|By Henry Wadsworth Longfellow
Half a century ago a blacksmith's shop, of the old New England village type, stood in Brattle Street, Cambridge, not far from Longfellow's home. Hundreds of passers-by glanced at the low roof, the grimy smith at his forge, the gazing children at the door, and went their way without giving them a second thought. Not so the poet, Henry Wadsworth Longfellow. He saw love, sorrow, the patience of hope, the strength of duty, all the beauty and tragedy of earnest human loving. The smith and smithy, the sheltering tree, the loitering children, poet and passers-by, alike are gone but it's pictures do not fade and its lessons do not grow old. The Village Blacksmith by Henry Wadsworth Longfellow captures this life with its strength and beauty.
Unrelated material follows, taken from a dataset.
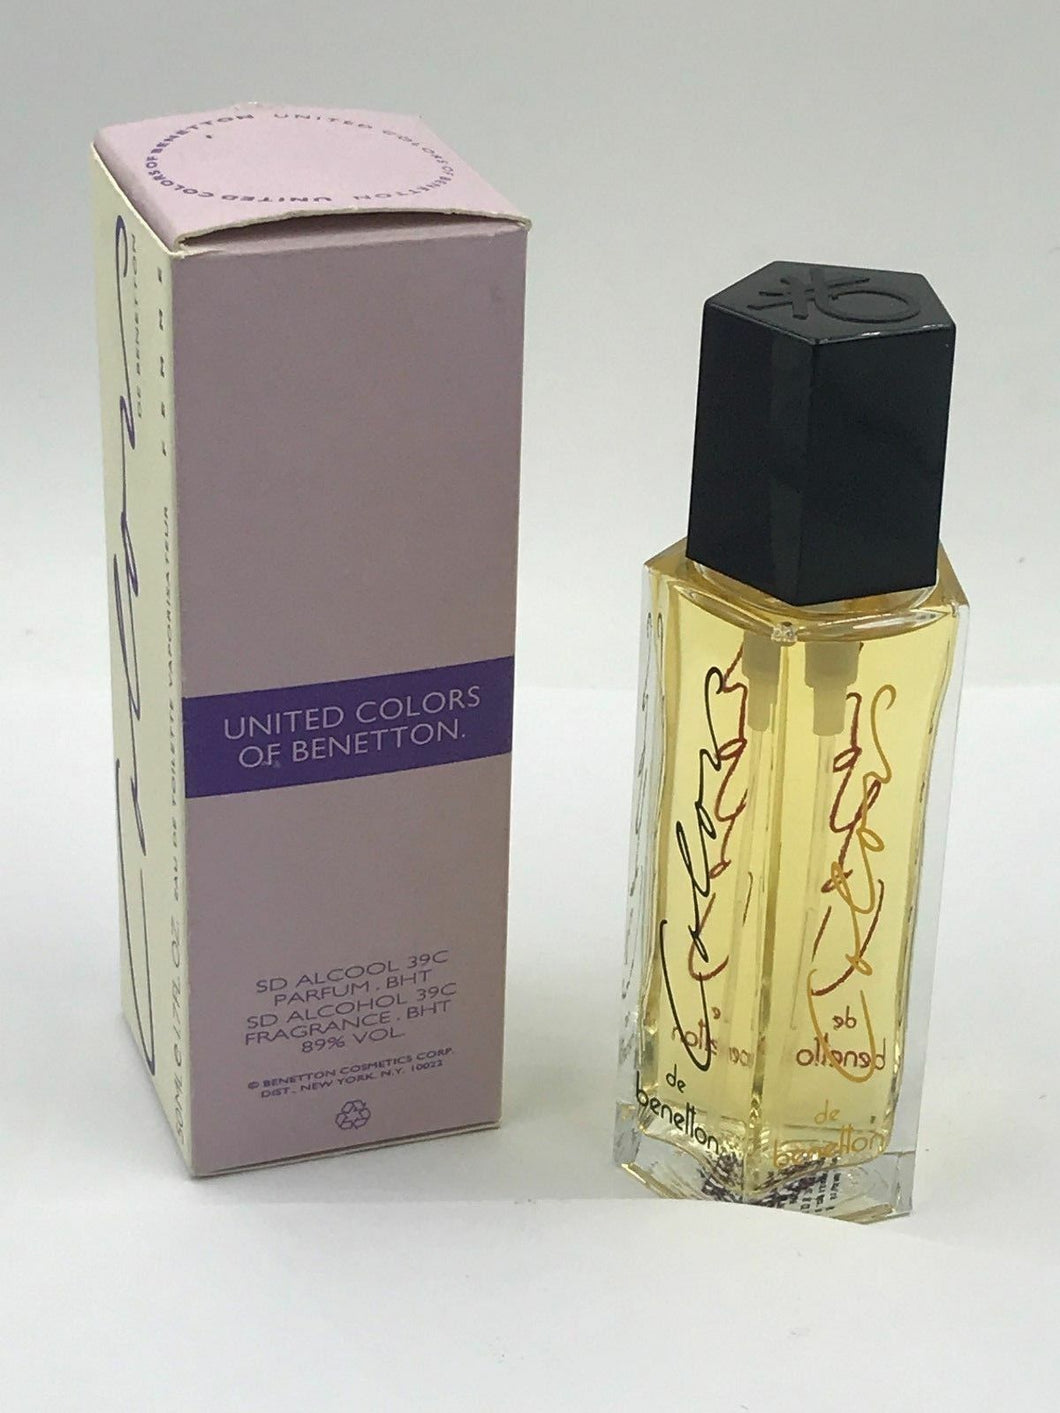 Colors de Benetton for Femme 1 oz 30 ml by United Colors of Benetton RARE IN BOX - Perfume Gallery

Henry Wadsworth Longfellow (1807-1882), was one of the best loved and most widely read poets in the United States of the 19th century. Born in Portland, Maine, he was educated in private schools. He was a classmate of Nathaniel Hawthorne, at Bowdoin College in Maine. He graduated in 1825, and then spent three years in Europe visiting France, Italy, Spain, and Germany, studying the languages and literature of these countries preparing for a job teaching modern languages at Bowdoin which was offered to him. He taught there for six years and married in 1831. In 1835 he and his wife traveled to Europe, visiting England, Sweden, Denmark and Holland. In Holland his wife became ill and died. Longfellow began teaching at Harvard in 1836 and for the next 18 years he worked both as a professor and as a writer of books of poetry and prose. "The Village Blacksmtih" was published in 1841.
Longfellow was the first man from the United States to be honored by a monument in Poet's Corner of Westminster Abbey in London, England.